Зато Мигулев с его каторжными замашками оказался довольно внимательным читателем. В отличие от Восьмеркина, легкомысленно пропускавшего абзацы, а иногда и целые страницы текста, он не испытывал затруднений даже в тех местах, которые выглядели скучноватыми и с точки зрения самого Юрия Андреевича. Вот только дружба с бывшим лагерником никак не завязывалась, а Юрию Андреевичу хотелось именно этого – теплых человеческих отношений, взаимопонимания, поддержки… Более того, если судить по хмурому выражению лица и недоуменному, а часто и презрительному фырканью, здесь скорее имела место откровенная антипатия, в лучшем случае – неприязненное равнодушие.
Книгу Мигулев таскал с собой, в комнате не оставлял, резонно опасаясь чужих глаз – на то ведь оно и общежитие, что двери тут всегда нараспашку. Наученный горьким опытом, он вообще мало кому доверял не только в университетской среде, кишащей стукливыми дятлами, но и в принципе, по жизни. Одним из этих немногих был его старый научный руководитель Артамонов, тоже посидевший, хотя и коротко, в первой соловецкой волне конца двадцатых годов. Они успели съездить вместе в экспедицию еще до войны, и это давнее знакомство связывало их, как мост, протянувшийся над черной, на полтора десятилетия, дырой мигулевской отсидки.
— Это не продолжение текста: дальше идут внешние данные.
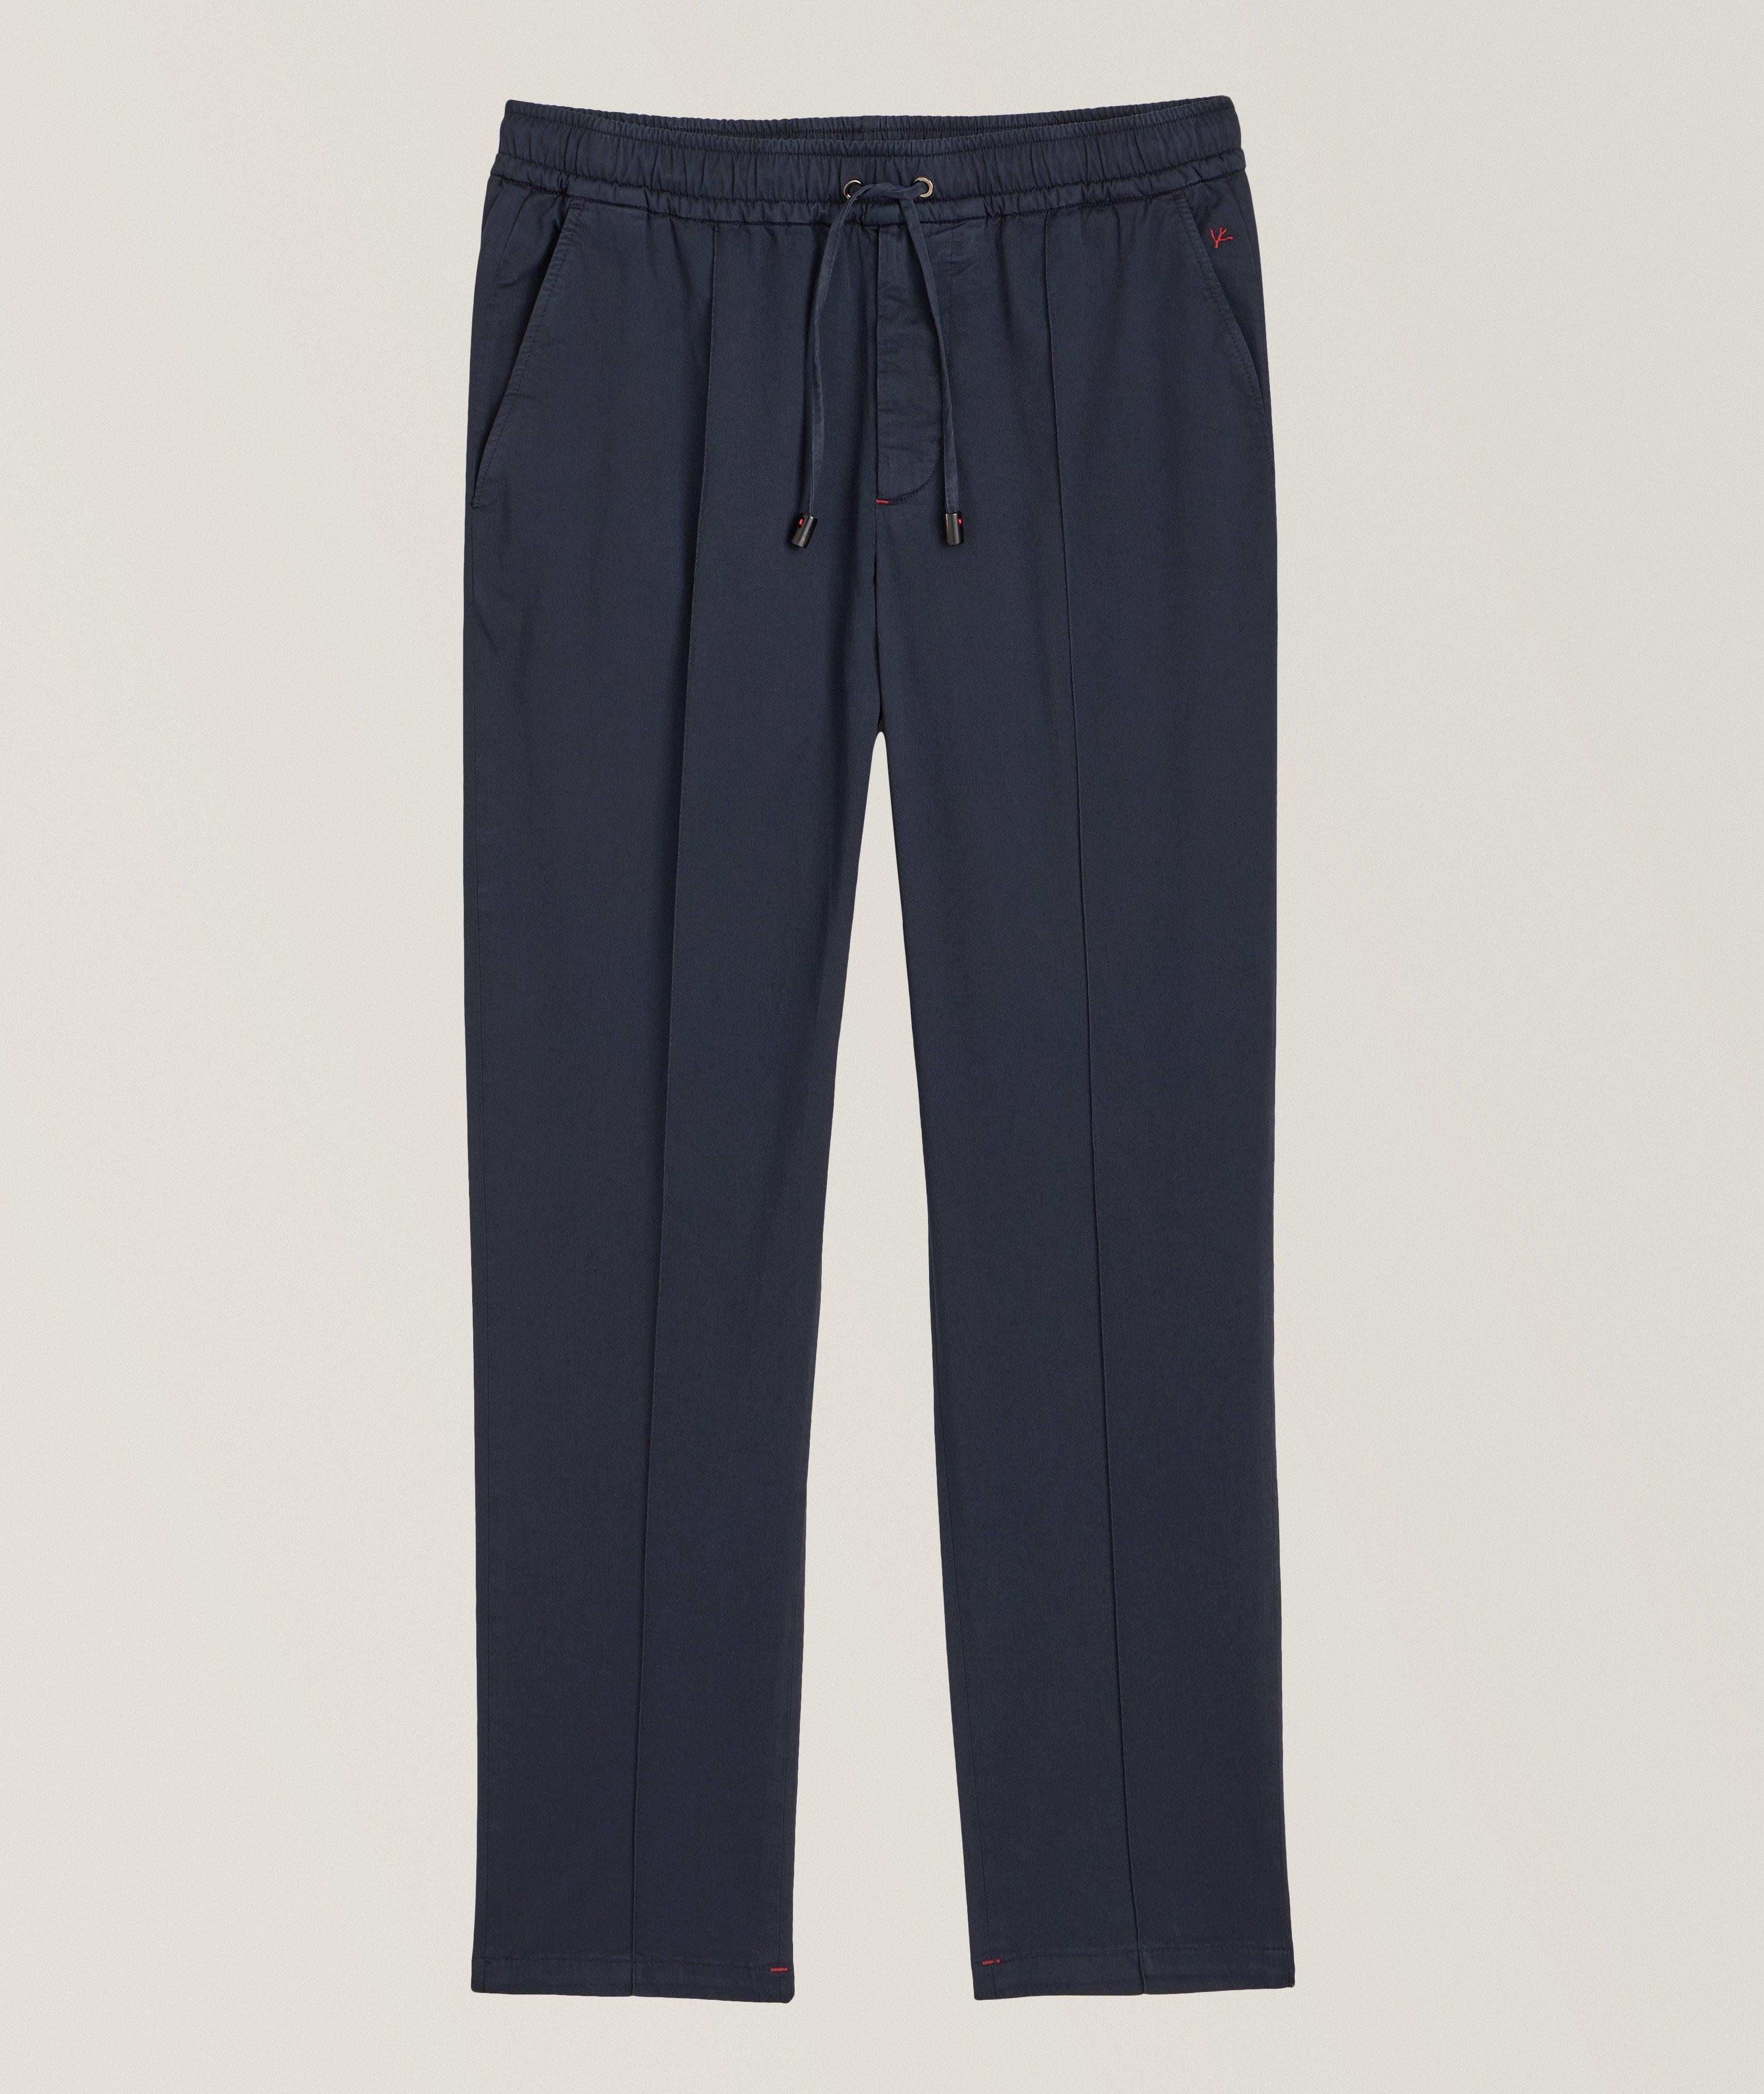 Isaia Stretch-Cotton Drawstring Trousers
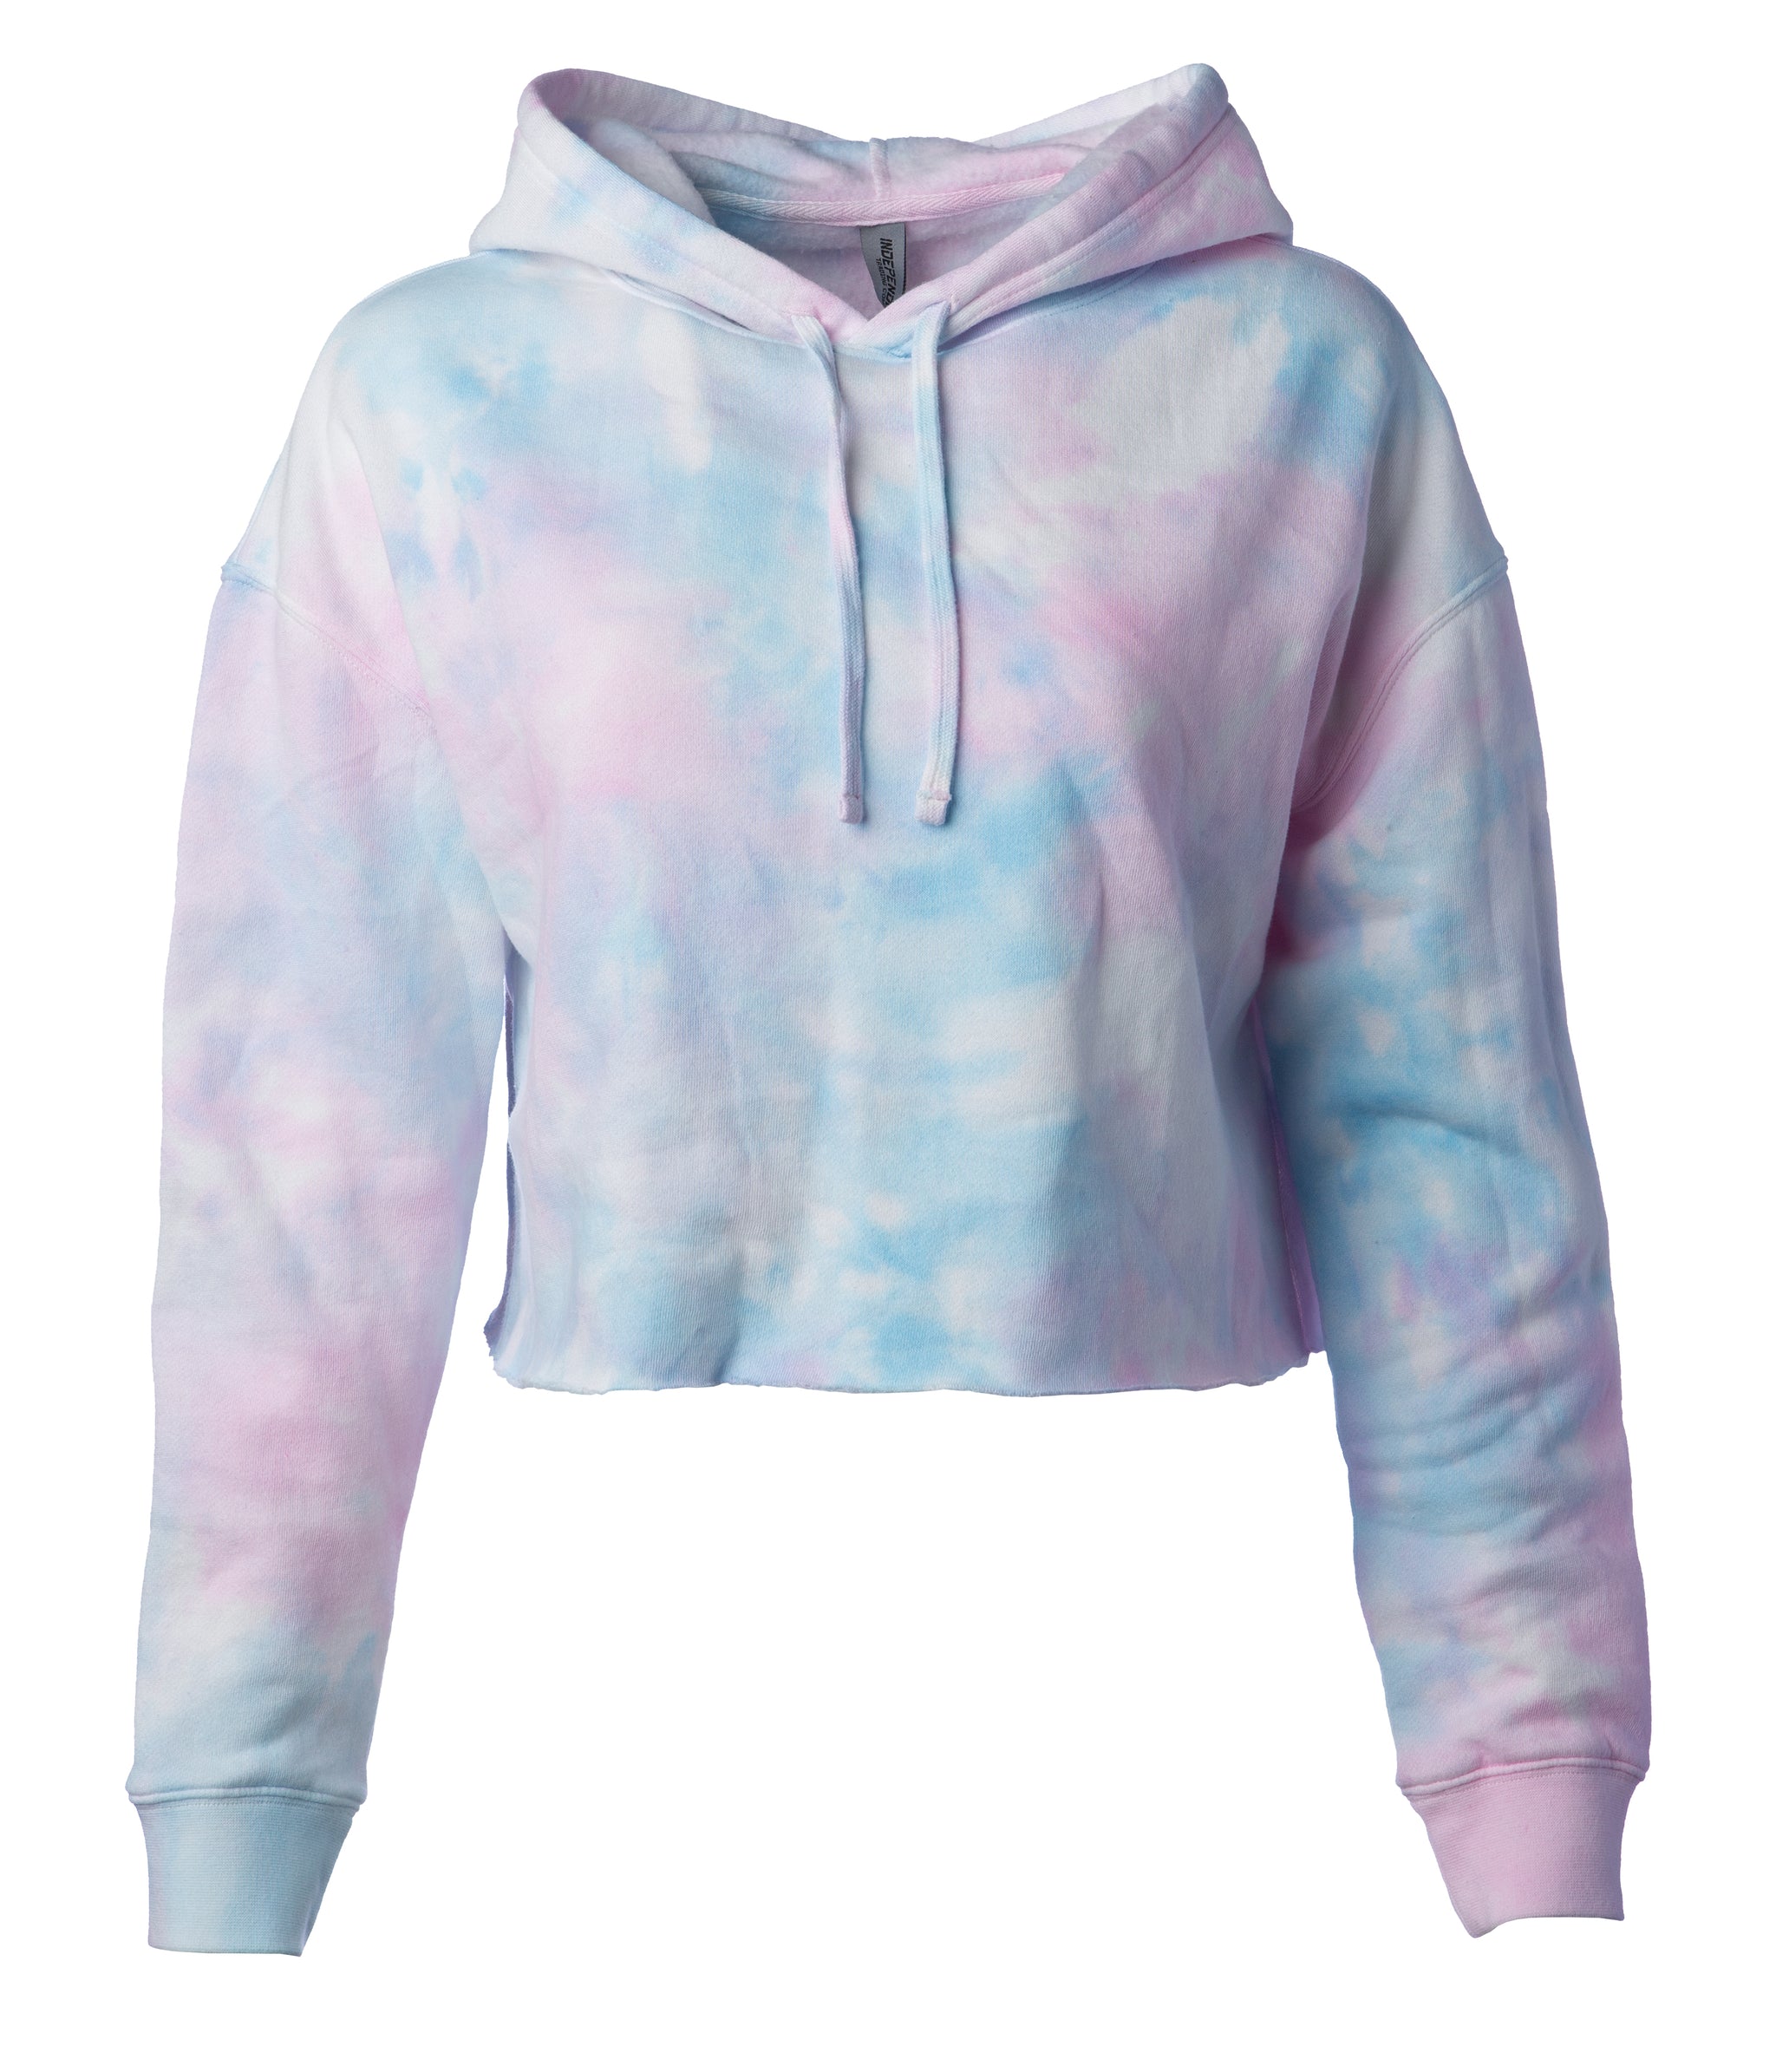 Independent Trading Co. PRM4500TD - Midweight Tie-Dyed Hooded Sweatshirt

Нельзя сказать, что Юрию Андреевичу нравилась свалившаяся на него кочевая жизнь. Назначение книги – пребывать в руках читателя, на его столе, а в остальное время – на полке, в покое и ожидании. А непрерывная тряска в сумках, портфелях и карманах подобает разве что кошельку с медяками. Но и в комнате, где постоянно бубнила радиоточка, он чувствовал себя не лучше. Уж больно часто это неумолкающее радио говорило о нем – чрезвычайно скромном, в общем-то, человеке, никогда не любившем находиться в центре внимания.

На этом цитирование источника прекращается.